Available data>
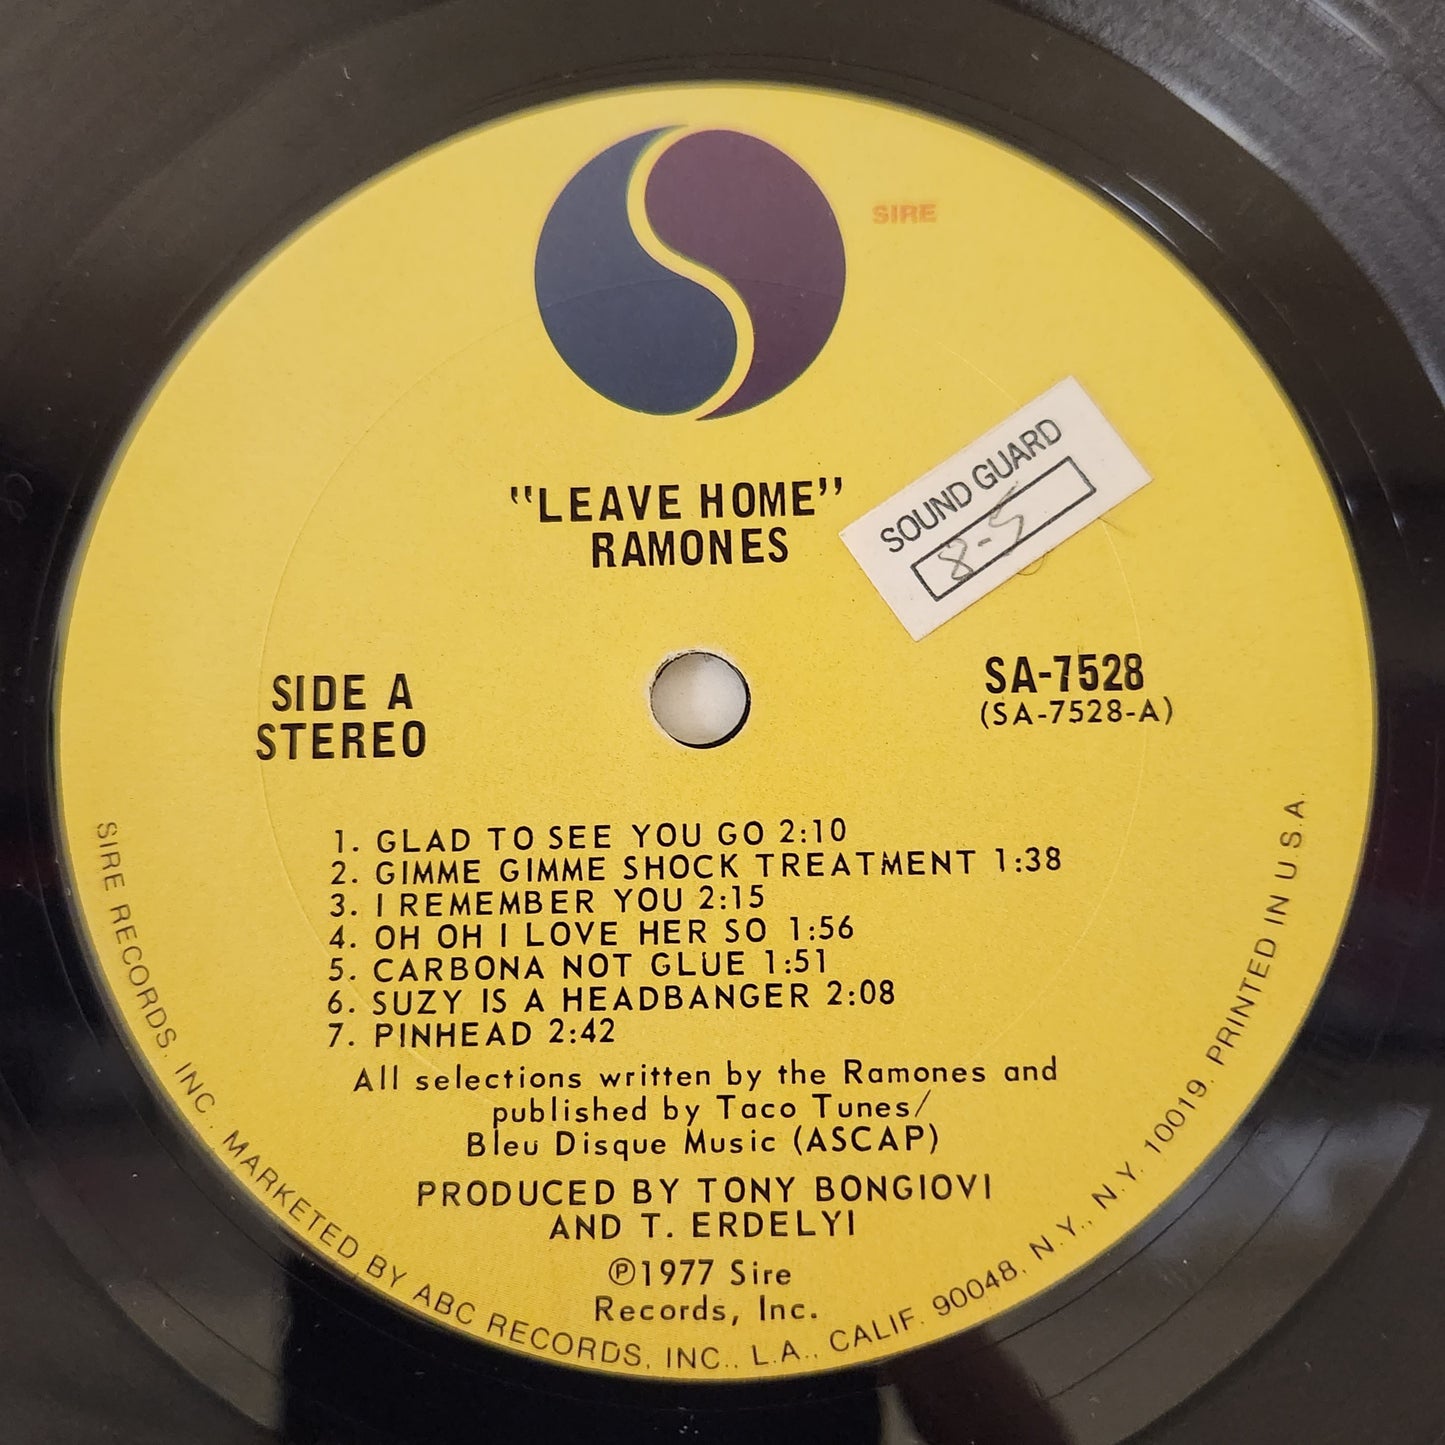 Ramones "Leave Home" 1977 Punk Rock Record Album
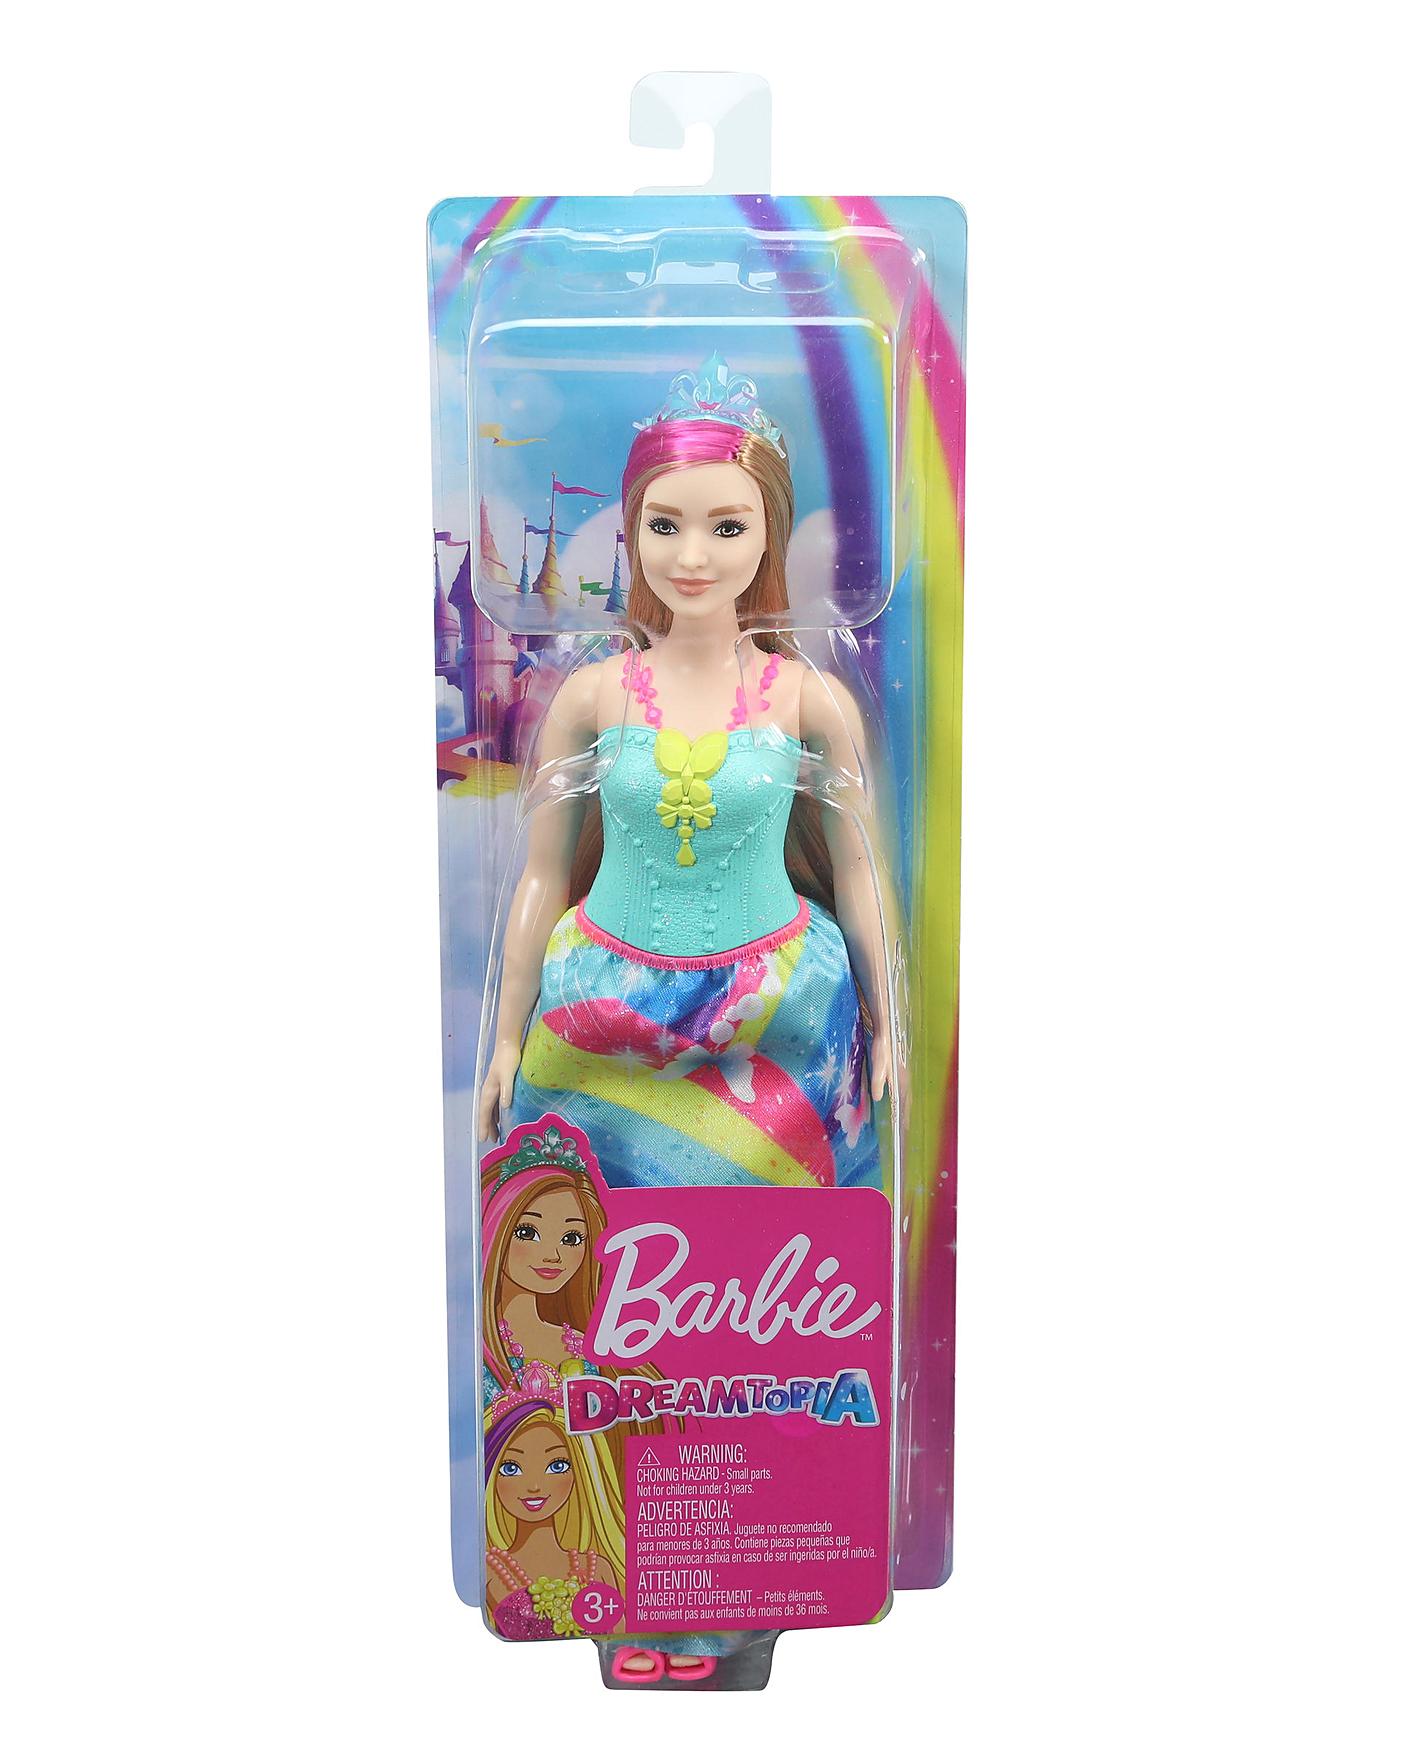 dreamtopia princess barbie
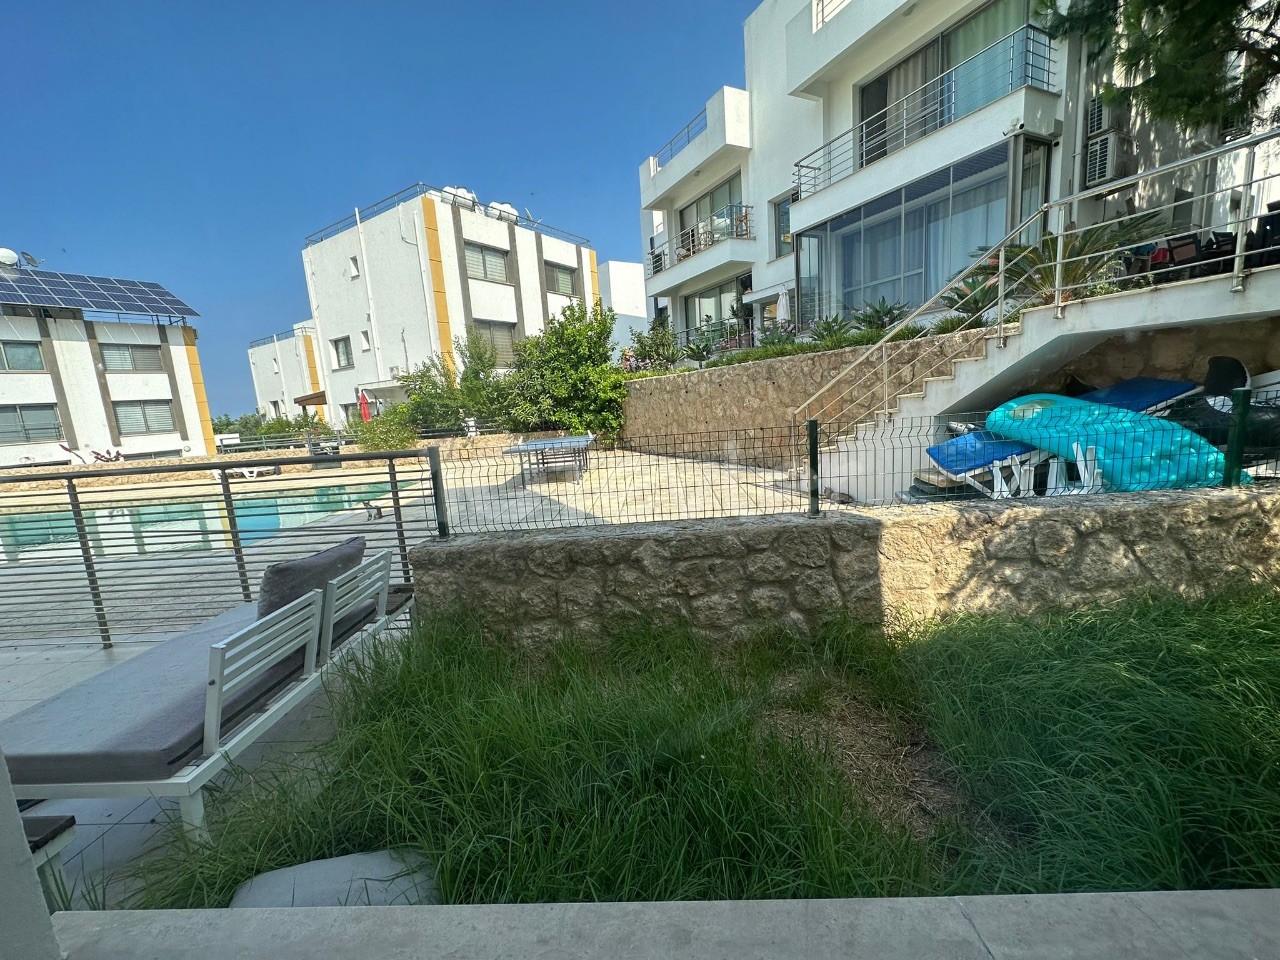 Kyrenia ciklos 4+1 villa with shared pool for rent

Task directions>
Write out the listing above again, exactly, but with no pictures in the copy.

Reply to the task>
 Ramones "Leave Home" 1977 Punk Rock Record Album
 dreamtopia princess barbie
 Kyrenia ciklos 4+1 villa with shared pool for rent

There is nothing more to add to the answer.